Zizula, commonly called grass blues, is a genus of butterflies in the family Lycaenidae.

==Species==
There are two species:
- Zizula cyna (Edwards, 1881) – tiny blue, cyna blue
  - = Lycaena tulliola Godman & Salvin, 1887
  - = Lycaena mela Strecker, 1900
- Zizula hylax (Fabricius, 1775) – little grass blue
  - =Zizula gaika, originally Lycaena gaika (Trimen, 1862) – South Africa
  - =Lycaena mylica Guenée, 1863 - Réunion
  - =Lycaena cleodora Walker, 1870 - Egypt
  - =Lycaena perparva Saalmüller, 1884 - Madagascar

===Subspecies===
- Zizula hylax attenuata (Lucas, 1890) - Australia
- Zizula hylax dampierensis (Rothschild, 1915) - Dampier Is.

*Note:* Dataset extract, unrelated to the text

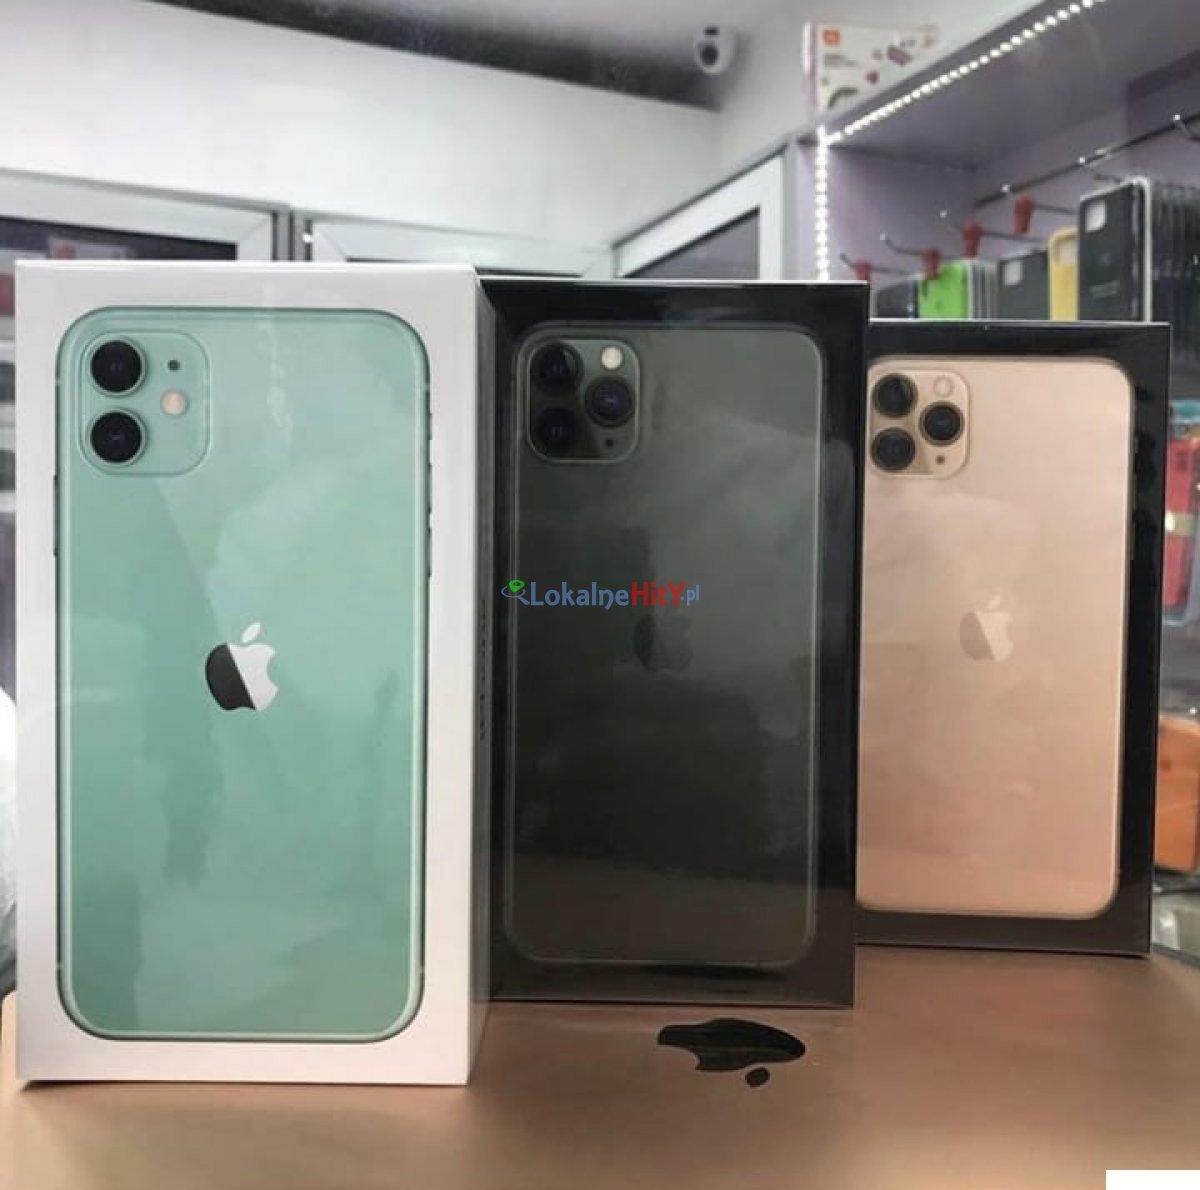 Apple iPhone 11 Pro Max,11 Pro,11 €350 EUR Whatsapp +447841621748 Samsung S20 Ultra 5G

- Zizula hylax hylax (Fabricius, 1775) - India, Tranquebar
- Zizula hylax pygmea (Snellen, 1876) - Java – pygmy grass blue

===Notes===
- In 1967, ICZN published a ruling on the type species of Pithecops Horsfield, [1818] in favour of a proposal by Cowan, 1965. This effectively recognised the syntype of Papilio hylax Fabr. found in Copenhagen, and validated Zizula hylax as the correct name for the taxon also known as Lycaena gaika Trimen. Savela, in Funet, and Williams in Afrotropical butterflies, as well as earlier south-east Asian references use Fabricius' name hylax as the designation of the taxon. Zizula gaika is reduced to a synonym of hylax by Cowan's proposal and the CZN opinion. Horsfield's use [1928] of the combination Pithecops hylax is shown by Cowan to be a misidentification.

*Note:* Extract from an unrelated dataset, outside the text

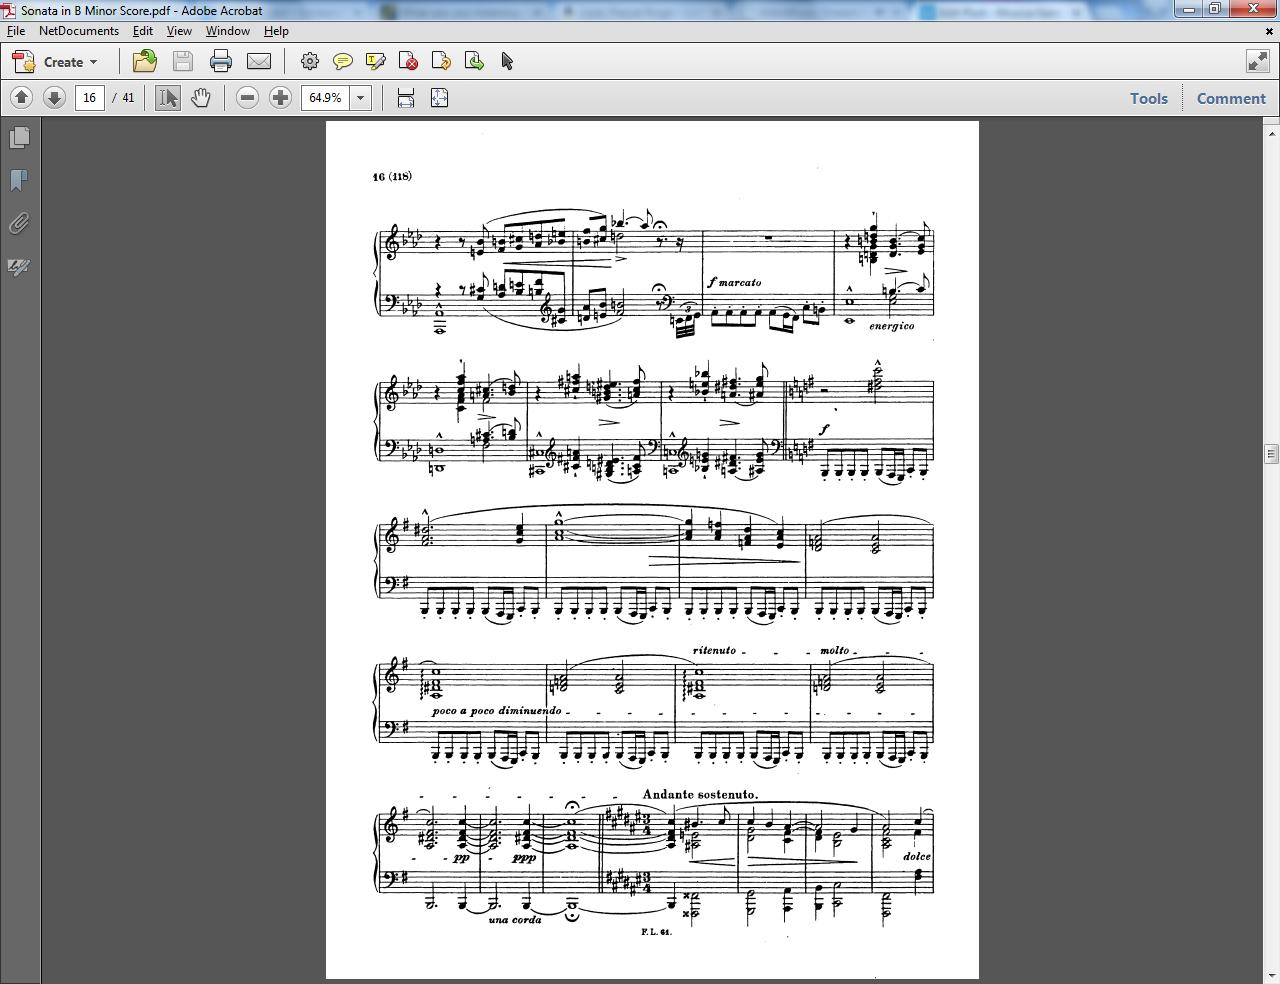 an analysis of liszt sonata Franz schubert (germany, 1797): sonata in a major, d959 ferencz liszt: sonata in b minor  violin sonatas johannes brahms: violin sonata in a major op100.

- Lepindex includes a card for Zizula escalantiana Descimon et al., 1973, which appears erroneous. The taxon escalantiana was described in 1973 by Stoffel & Mast, and is a Nymphalid butterfly in the tribe Preponini. See Lamas, 2004. The Lepindex card includes confirmatory information that escalantiana was described in Prepona Boisduval, 1836, and originates from Mexico. According to Lamas, escalantiana is a subjective synonym of Prepona deiphile (Godart, [1824]).